DATA
• • • • • • •
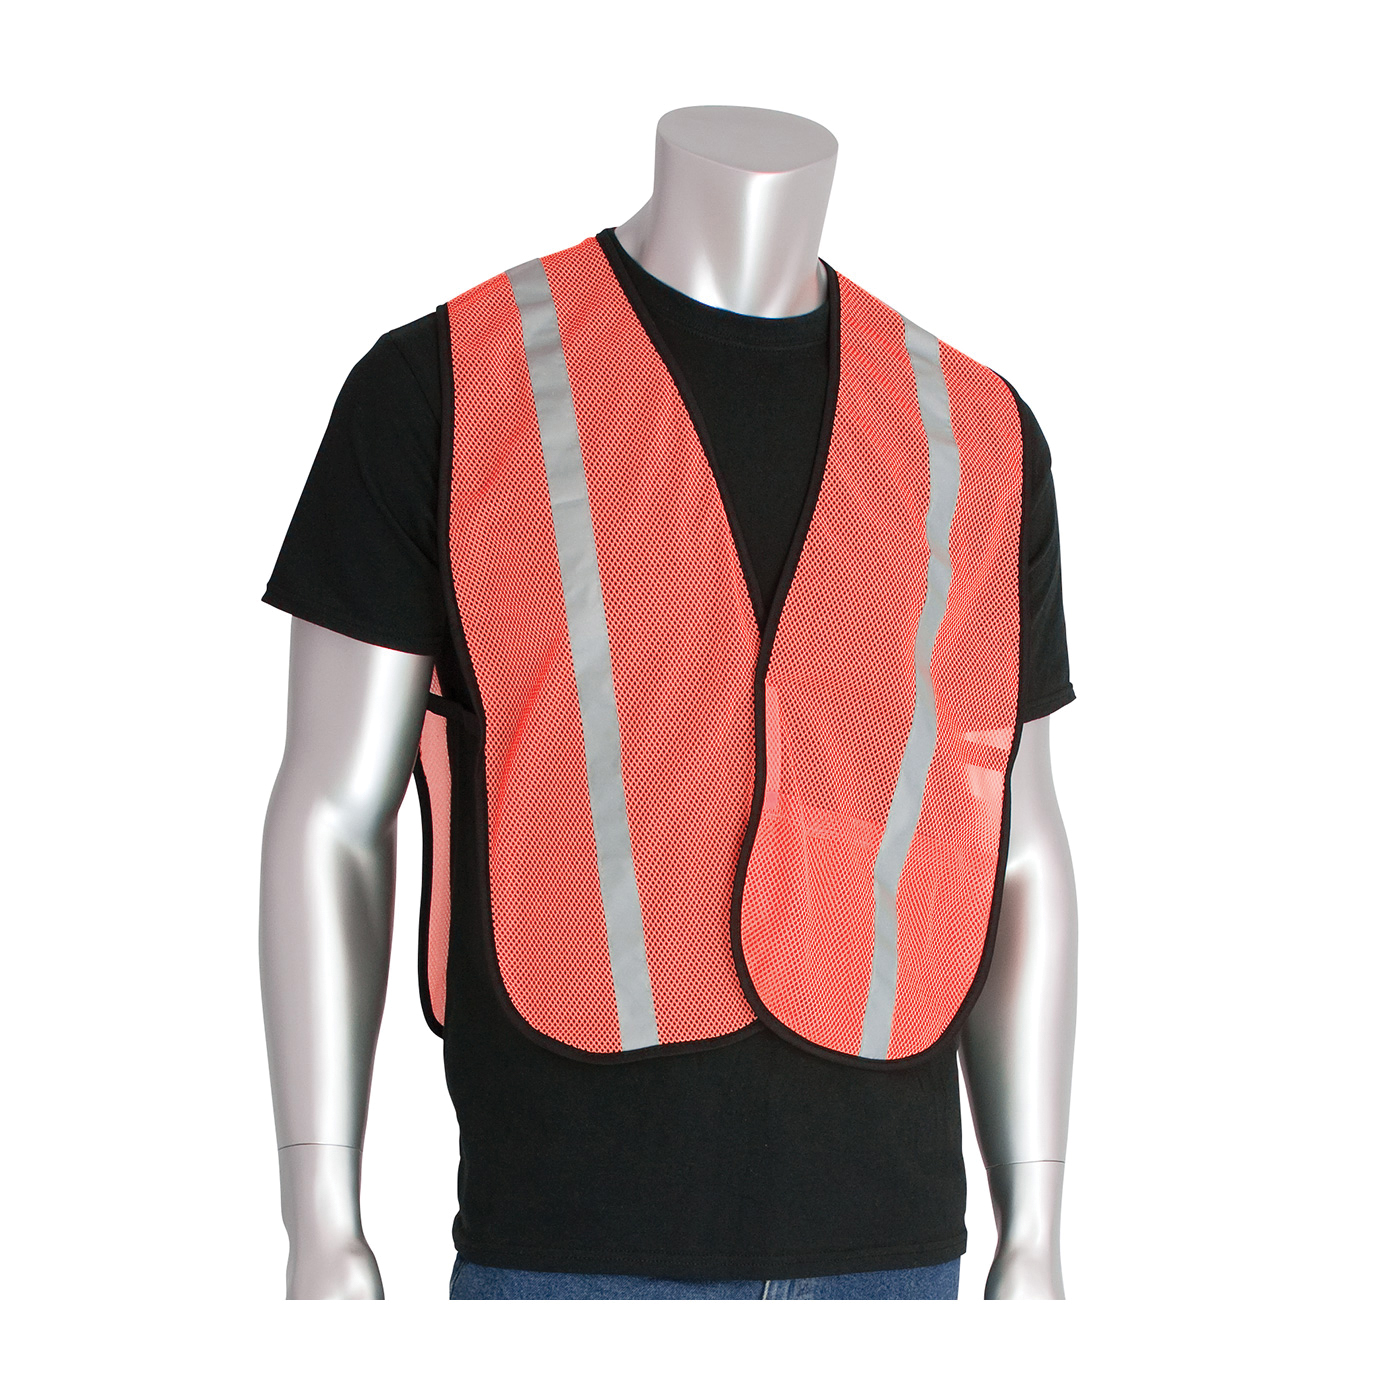 PIP® 300-EVOR-EOR Non-ANSI Safety Vest, Universal, Hi-Viz Orange, Polyester Mesh, Hook and Loop Closure, 1 Pockets
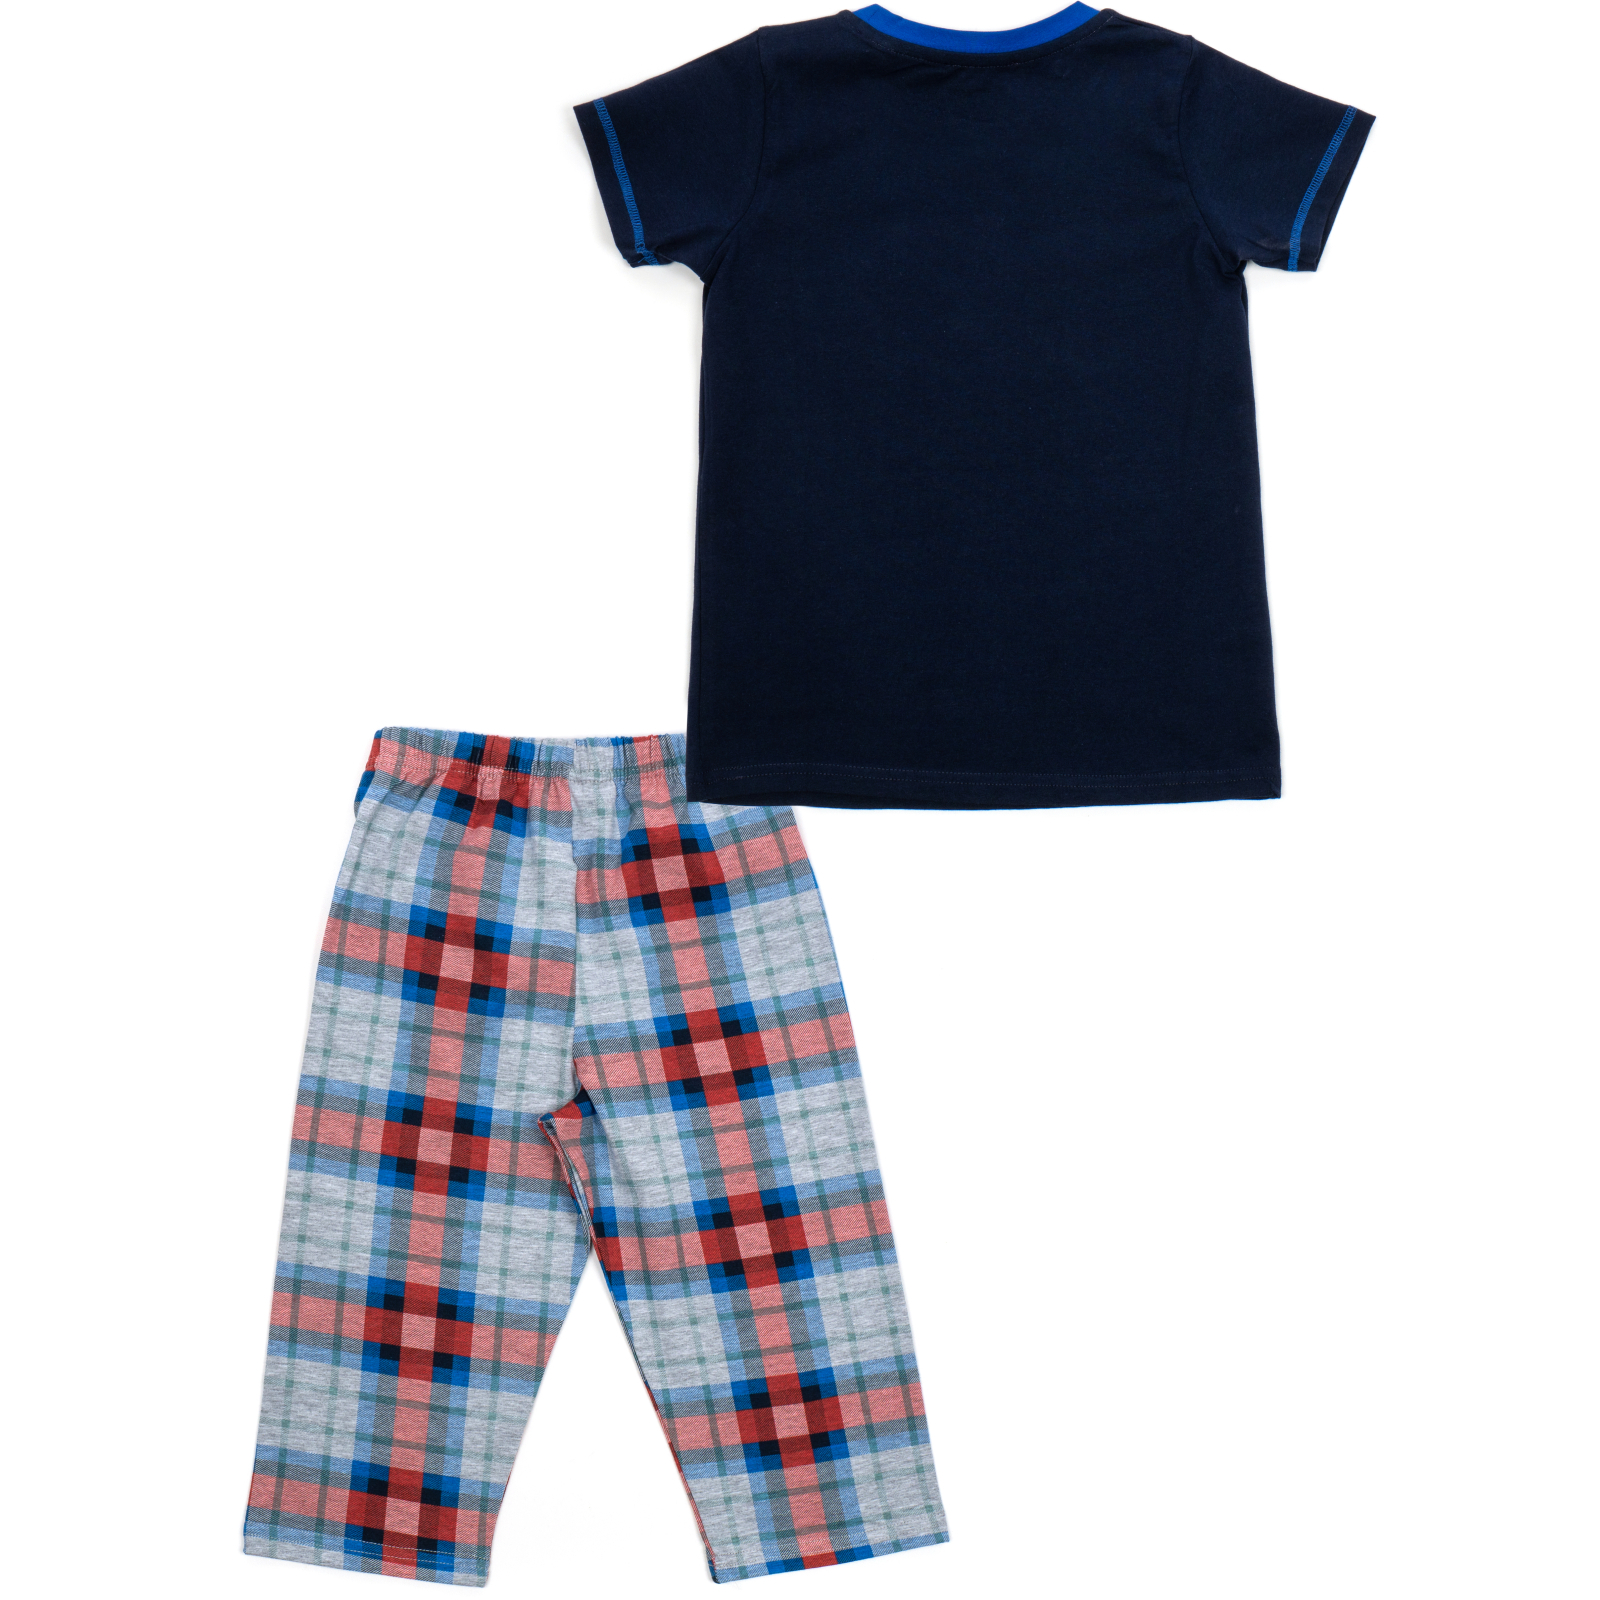 Пижама Matilda с футболкой (11701-2-98B-blue) изображение 4
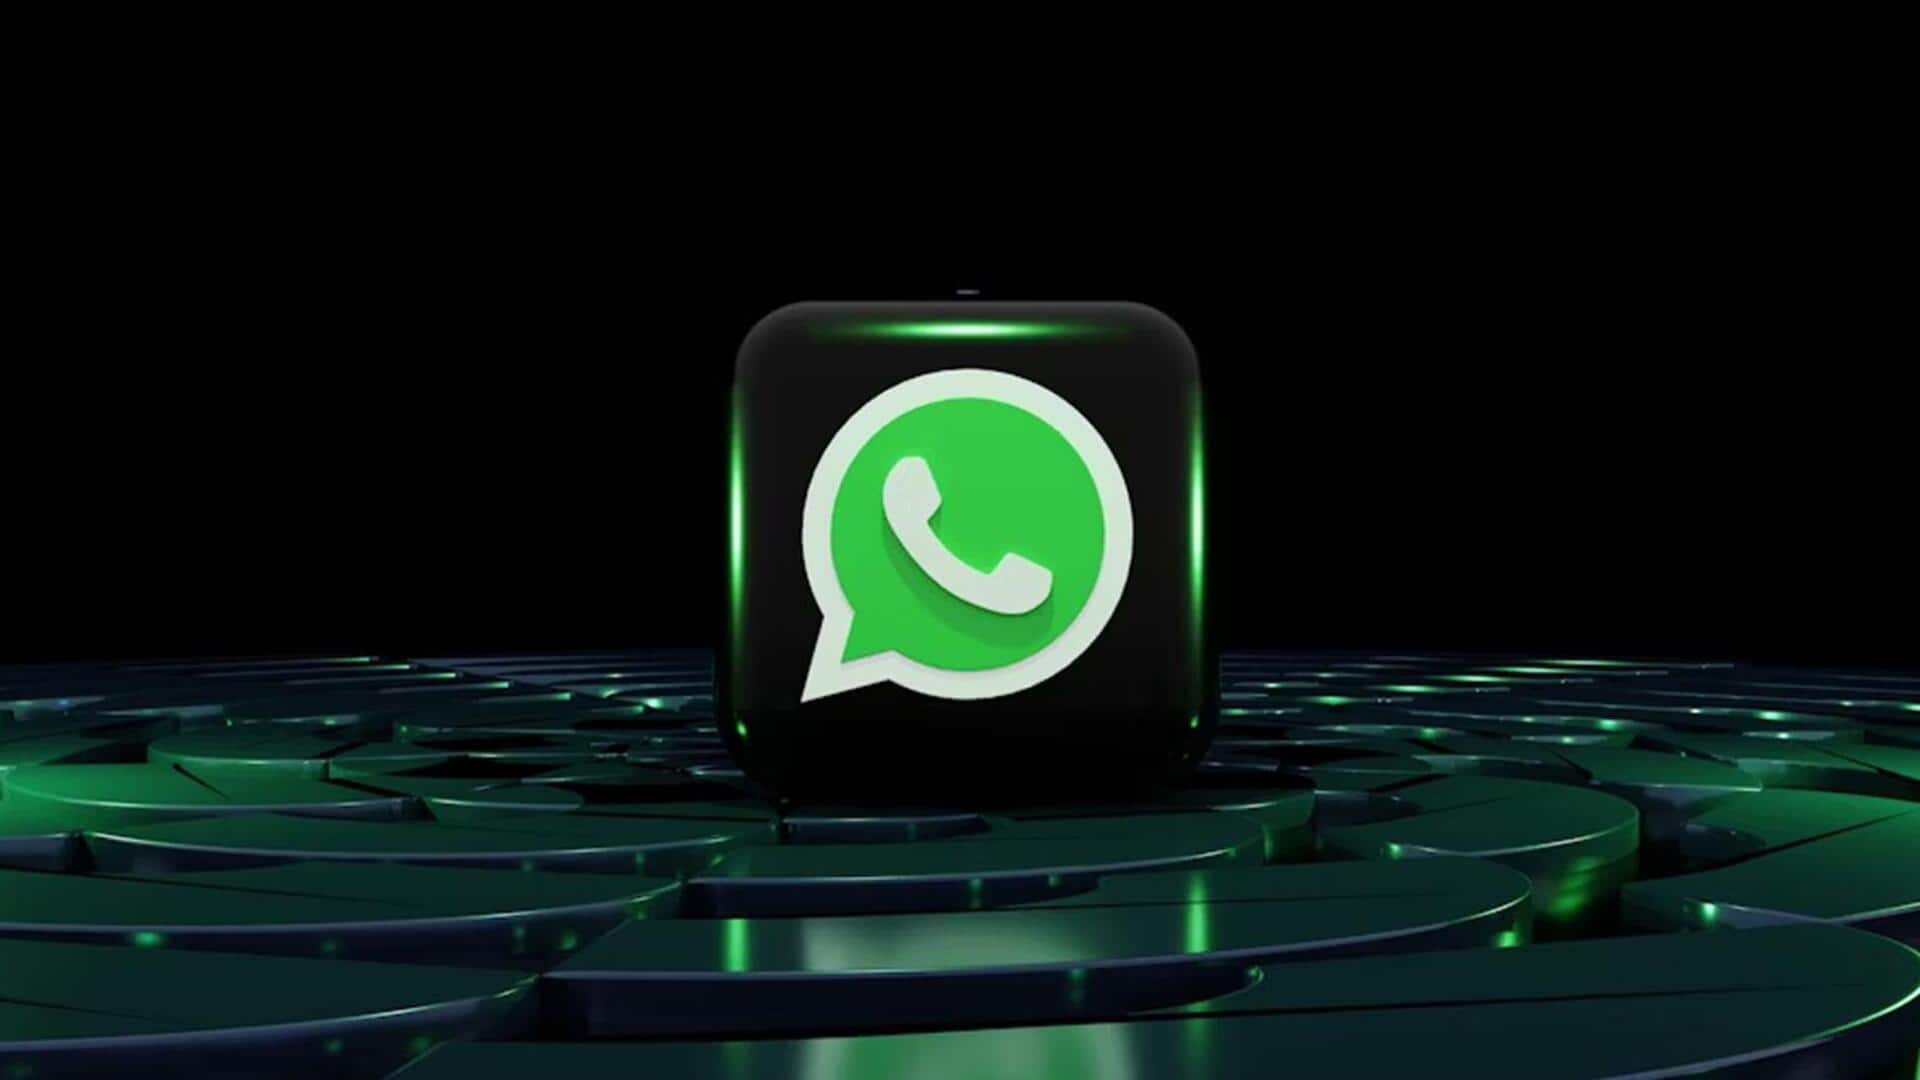 व्हाट्सऐप ने हाई कोर्ट में कहा- एंक्रिप्शन तोड़ने को कहा गया तो भारत छोड़ देंगे
• • • • • • •
EXERCISE DIRECTIONS
Pictures aside, the material must be written out word for word.

ANSWER SPACE
 PIP® 300-EVOR-EOR Non-ANSI Safety Vest, Universal, Hi-Viz Orange, Polyester Mesh, Hook and Loop Closure, 1 Pockets
 Пижама Matilda с футболкой (11701-2-98B-blue) изображение 4
 व्हाट्सऐप ने हाई कोर्ट में कहा- एंक्रिप्शन तोड़ने को कहा गया तो भारत छोड़ देंगे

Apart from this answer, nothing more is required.